Ladies and gentlemen of the world, I regret to inform you all of a horrible activity that has gone on for too long. I have been in a position of power that I have not deserved to be in for almost two years now.
Recently, I have been left as the only person in charge of a group that I have no interest in, or good reason to be a part of.
What is the name of the group that I have been in charge of? None other than the ISU only group “I Play Guitar.” I do not know how to play the guitar, but somehow I am the only administrator of this group. Do you wish to know the unexciting tale? Okay well here it is!
A long time ago this group was created as a “join by request only” group. I imagine the first admin enjoyed only allowing certain people access to the group. Students at ISU who enjoyed playing guitar, could come to this group to share ideas, songs, and just bask in the glory of guitar love.

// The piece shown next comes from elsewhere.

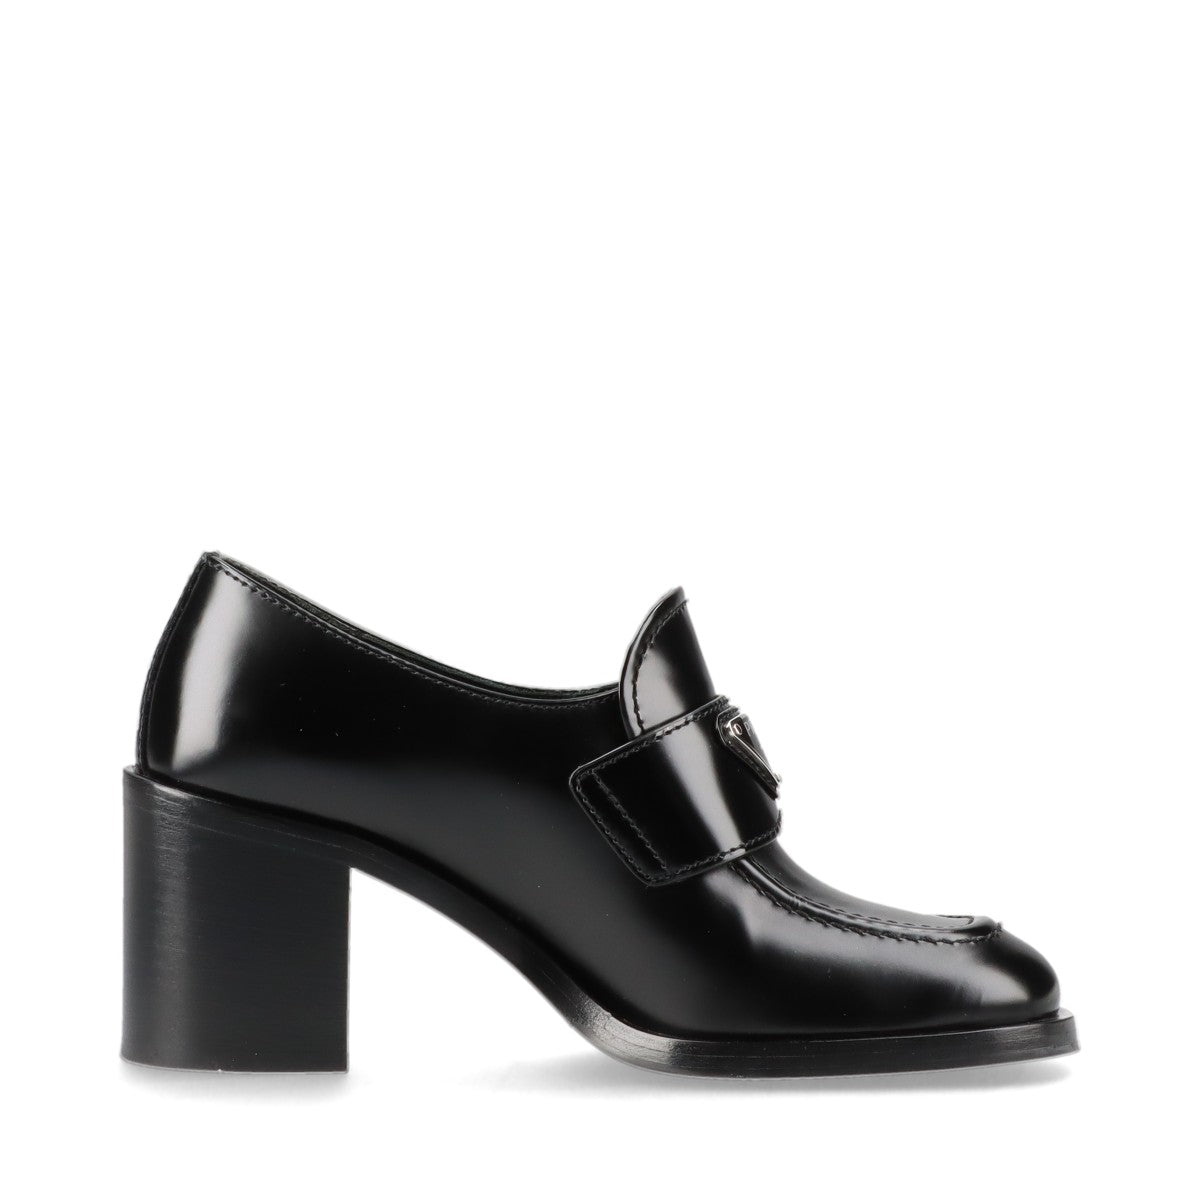 Prada Triangle logo brushed leather Loafer 36 Ladies' Black High Heel Box There is a storage bag

But then sophomore Keith came along with an idea to get all the guitar players at ISU to go out onto the quad at a certain time and all play any song they wanted. I imagined it would be a very funny sight and would grab a lot of people’s attention.
So, motivated young Keith found the “I play guitar” group and requested joining with a message about the idea of many guitars. The current admin let me in, wished me good wishes, and even made me an admin so I could send a mass message to the group. I was overjoyed that my plan would soon come to see the light of day.
Then, suddenly, I completely lost interest. I just stopped. I didn’t tell any of the guitar players anything and I didn’t organize any neat musical spectacle, but I did remain the admin of the group “I Play Guitar.”
Now, years later, the admin ahead of me has quit his position of admin without so much as a formal letter telling me of my new found responsibilities. Suddenly as the only person in charge, requests from eager, young, guitar playing, ISU students were coming in by the ones and twos each week. I suddenly had to take time out of my day to personally review all of their profiles to see if they truly played guitar. Suddenly I was deciding who was good enough to be a part of the elite, 126 member strong facebook group, “I Play Guitar.”
I felt strong. I felt important. I felt wrong.
The pressure soon became too much. In just a short time I began letting in anyone who requested joining. I didn’t care what effect it would make on the group. I was totally negligent. I could have let in someone with bad intentions, or worse… I could have let in someone who couldn’t play guitar.
Then it hit me (like a guitar in WWE or something). I was the leader of a group of people that I was incapable to lead. Without the skill set of a guitar player, how could I communicate on their level. How do I tell them that this group is all a sham. Does anyone realize that the last post on the wall was December 31, 2006?
Are my people afraid of an open forum of communication?! Do they feel that their leader has let them down?! Is there anything I can ever do to repay them? I don’t know.
But this is the best I can offer them.